On parlera effectivement très en détail de cette question de fond, c'est à dire ce qui est en train de se passer pour cette génération qui manifeste. On le disait tout à l'heure, beaucoup ont une vingtaine d'années et pour les suivantes. Mais en s'attardant un instant encore sur cet événement même, quel est, selon vous, le risque de l'incontrôlable ici à Paris ? Mais aussi on va l'évoquer à Lyon, à Toulon, à Bordeaux où ce genre d'événement, a lieu.

Je pense que les forces de l'ordre ont fait ces dernières années des progrès considérables et qu'il faut saluer et souligner que ce qu'ils ont organisé comme progrès pour avoir la maîtrise de ce genre d'accident de foule ou de risque d'accident de foule, ça mérite un coup de chapeau et les réunions qui ont été organisées, les progrès sans cesse maintenus, les études parfois extrêmement poussées et scientifiques qui sont faites et le préfet de police y participe et tous les syndicats, vous avez entendu Monsieur Joron, les syndicats sont partie prenante de cette maîtrise du risque et ça passe par le respect des manifestants. Éviter les affrontements, éviter la confrontation, éviter la violence et les chocs et ça mérite un coup de chapeau.

Est-ce que cependant il faudra être ferme dès lors qu'il s'agit d'un blocage possible de l'intérieur, disait ni bordelisation, ni zadisation. Ce sont ces termes. Est-ce que dès lors qu'on parle des raffineries, qu'on parle vraiment de l'alimentation nécessaire du pays, il faut être plus ferme ?

Il n'y a pas une société dans le monde qui puisse survivre au désordre absolu que certains mouvements ou certaines tendances voudraient créer et faire flamber. Il n'y a pas une société dans laquelle on puisse étudier, travailler, projeter son avenir, si on est dans la violence, si on est dans le fait qu'on fait flamber les choses ou si on est dans le fait que, par exemple, les poubelles ne sont plus relevées et que s'entassent plus de 10 000 tonnes de poubelles avec tous les risques sanitaires que cela comporte.

Il est temps d'y remédier. C'est le fait le plus anecdotique. Mais évidemment, ça frappe en France et dans le monde entier. Ces images des poubelles dans Paris dont une partie est brûlée maintenant. Mais pour vous, il est temps maintenant immédiatement d'y remédier ?

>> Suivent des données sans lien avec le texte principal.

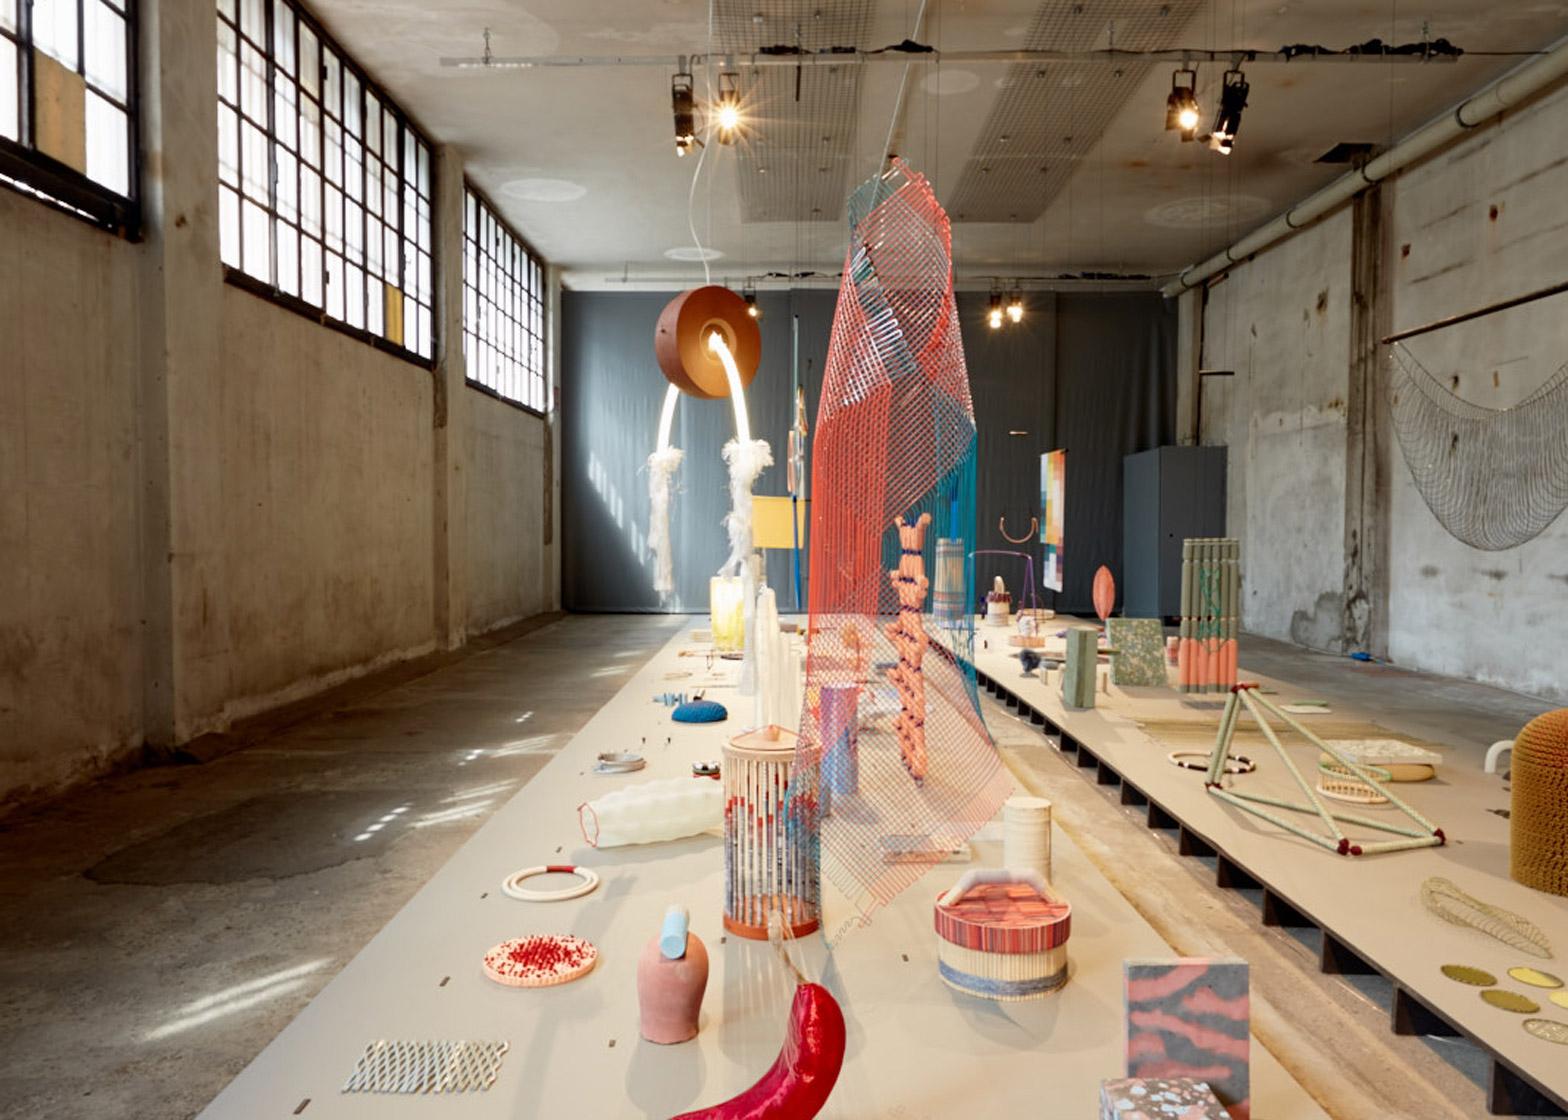 Envisions exhibition by Design Academy Eindhoven graduates

Eh bien, il est temps depuis plusieurs jours, le fait que l'on se satisfasse de cette espèce de dérive qui fait que la capitale de la France, la Ville lumière, la ville vers laquelle converge tant et tant d'habitants de la planète pour découvrir quelque chose de grand et de beau que ce soit enseveli sous les détritus, c'est insupportable avec tout ce que ça fait courir, comme risques que nous savons de sanitaires et de rats, de tout ce que l'imaginaire collectif met sous des monceaux de poubelles qui ne sont pas relevez. On ne peut pas vivre pas comme ça, vous comprenez ? Je voudrais vous dire pourquoi on ne peut pas vivre comme ça. Parce que ceux qui trinquent, ce sont les plus pauvres, c'est ceux qui n'ont pas les moyens d'avoir des résidences, d'avoir de beaux appartements et qui ont seulement leur ville pour être fiers et pour avoir de la beauté autour d'eux, pour découvrir ce que les perspectives sublimes que des Haussmann ont mis en place. C'est eux les pauvres, qui sont les victimes et qui trinquent. On dit qu'on se bat en leur nom, on se bat contre leur vie et leur cadre de vie. Et donc oui, pour moi, c'est inacceptable et c'est pourquoi la sécurité est le premier des droits de l'homme.

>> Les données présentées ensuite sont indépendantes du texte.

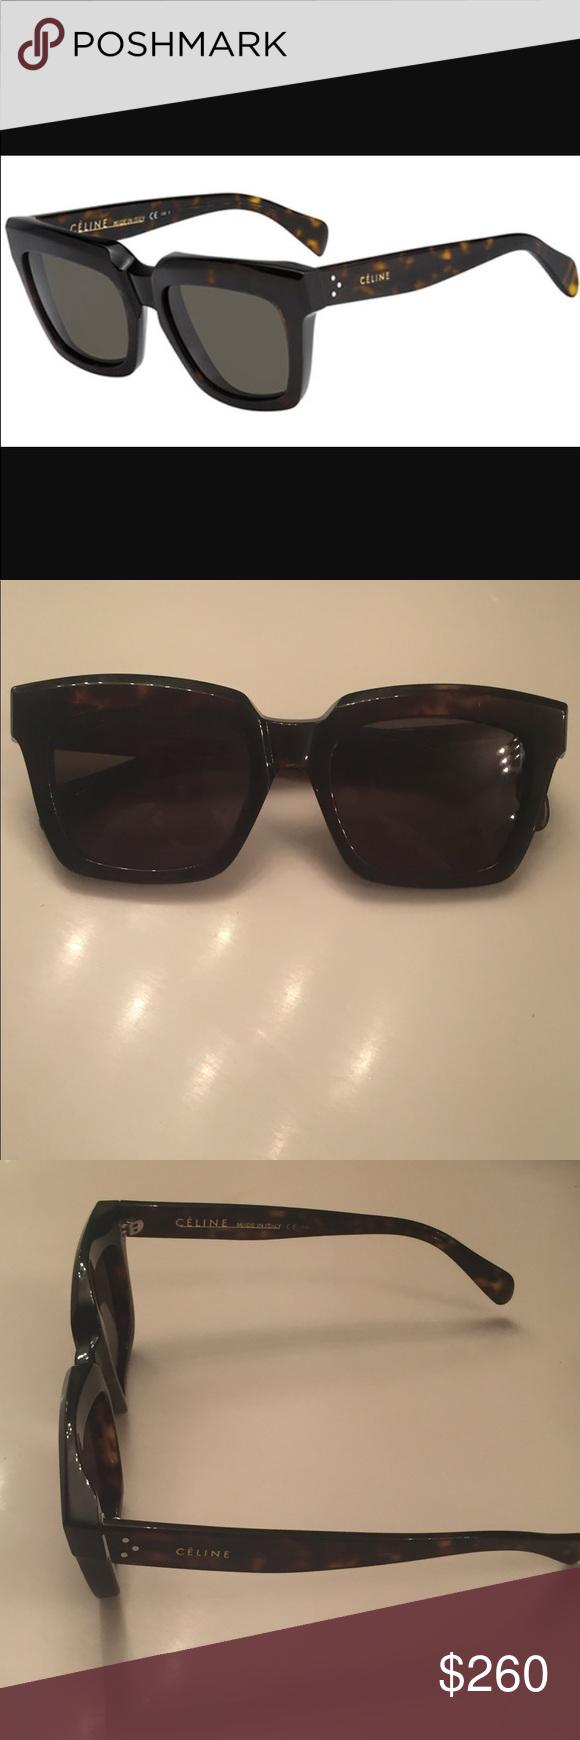 fd1084b51ae Celine sunglasses CELINE traveller sunglasses brown cl 41023 S. Like new!  No case included( sorry 😢) Celine Accessories Sunglasses

Vous avez dit tout à l'heure certains ont encouragé assez à ces désordres. Qui politiquement est responsable de cela ?

Non, je n'ai aucune envie de jouer au jeu de C'est la faute des autres. Je trouve qu'en France, le leitmotiv c'est la faute des autres. Quand on est dans un camp, on pense que c'est la faute des autres, de l'autre camp et réciproquement. Et moi, je ne veux pas être dans un camp. Je veux chaque fois que nécessaire, si je peux, si nous avons la force morale nécessaire, je veux défendre le bien, le patrimoine commun que nous construisons ensemble. Et donc j'ai aucune envie de mener des procès contre les uns et les autres. J'ai des idées, j'ai les yeux ouverts. Je ne suis pas totalement stupide, mais je n'ai pas envie d'être procureur.

Alors c'est très louable. Mais alors François Bayrou, si vous ne voulez pas parler de la faute des autres, est-ce qu'il y a une part de faute dans votre propre camp ? Le 49-3, Il est dans la Constitution. Ce n'est pas un putsch, on l'a bien compris, mais le fait qu'il soit ressenti de cette manière, est-ce que ça n'a pas été sous-estimé par votre propre camp ?

Pas du tout. Mais ce qui a été une insuffisance, c'est qu'on n'a pas réussi ou qu'on n'a pas su partager avec les Français les raisons qui font que cette réforme, et je pèse mes mots, pardonnez-moi de le faire, que cette réforme est vitale, c'est-à-dire que ce que nous jouons là, c'est l'essentiel ou une part essentielle de notre avenir. Pourquoi cette réforme est vitale ? Je reprends les chiffres et je ne vous embêterai pas longtemps avec les chiffres : les pensions de retraite, le coût des pensions de retraite, c'est 345 milliards. Il faut rappeler qu'un milliard c'est 1000 millions d'euros, 345 milliards. Sur ces 345 milliards, les employeurs du privé comme du public en paient, en assument 270 milliards. Le reste, c'est l'État. L'État, pour deux fonctions principales. La première, il compense les sacrifices ou les aides ou les coups de pouce qu'il demande aux caisses de retraites. Et deuxièmement, il compense les déficits des régimes de retraite et il les compense à hauteur de 30 ou 40 milliards d'euros tous les ans depuis 20 ans.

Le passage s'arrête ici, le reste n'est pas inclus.